RAEmoLLM: Retrieval Augmented LLMs for Cross-Domain Misinformation Detection Using In-Context Learning Based on Emotional Information
Zhiwei Liu, Kailai Yang, Qianqian Xie, Christine de Kock, Sophia Ananiadou, Eduard Hovy
TL;DR
This paper tackles cross-domain misinformation detection by addressing the limitations of domain-specific fine-tuning. It introduces RAEmoLLM, a retrieval-augmented LLM framework that leverages affective information through in-context learning to perform misinformation verification across domains without fine-tuning. The approach comprises an index construction stage using EmoLLaMA-derived affective embeddings, a retrieval stage selecting top-$K$ affective demonstrations from source domains, and an inference stage that prompts LLMs with these demonstrations, sometimes augmented with explicit affective signals. Experimental results on AMTCele, PHEME, and COCO show significant improvements over zero-shot and several few-shot baselines, though performance is dataset-dependent and larger-scale fine-tuning can still surpass it in some cases; the work highlights the potential of emotion-informed retrieval to enhance cross-domain misinformation detection in a resource-efficient manner.
Abstract
Misinformation is prevalent in various fields such as education, politics, health, etc., causing significant harm to society.
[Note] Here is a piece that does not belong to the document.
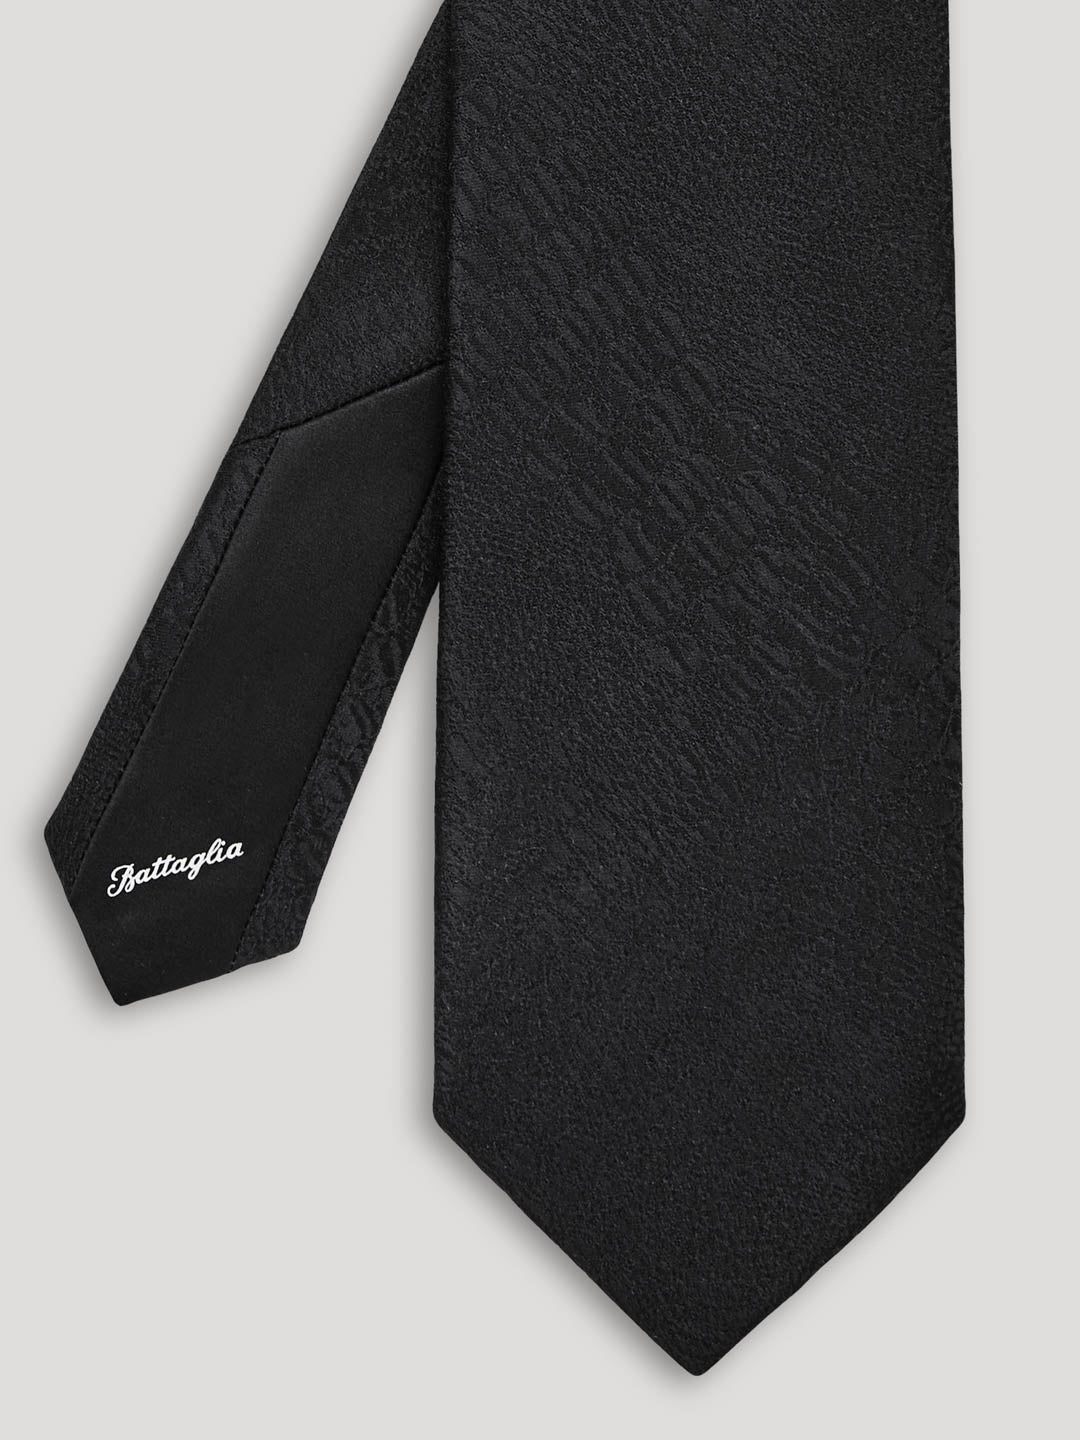 Black silk tie.

However, current methods for cross-domain misinformation detection rely on effort- and resource-intensive fine-tuning and complex model structures. With the outstanding performance of LLMs, many studies have employed them for misinformation detection. Unfortunately, they focus on in-domain tasks and do not incorporate significant sentiment and emotion features (which we jointly call {\em affect}). In this paper, we propose RAEmoLLM, the first retrieval augmented (RAG) LLMs framework to address cross-domain misinformation detection using in-context learning based on affective information. RAEmoLLM includes three modules. (1) In the index construction module, we apply an emotional LLM to obtain affective embeddings from all domains to construct a retrieval database. (2) The retrieval module uses the database to recommend top K examples (text-label pairs) from source domain data for target domain contents. (3) These examples are adopted as few-shot demonstrations for the inference module to process the target domain content. The RAEmoLLM can effectively enhance the general performance of LLMs in cross-domain misinformation detection tasks through affect-based retrieval, without fine-tuning. We evaluate our framework on three misinformation benchmarks. Results show that RAEmoLLM achieves significant improvements compared to the other few-shot methods on three datasets, with the highest increases of 15.64%, 31.18%, and 15.73% respectively. This project is available at https://github.com/lzw108/RAEmoLLM.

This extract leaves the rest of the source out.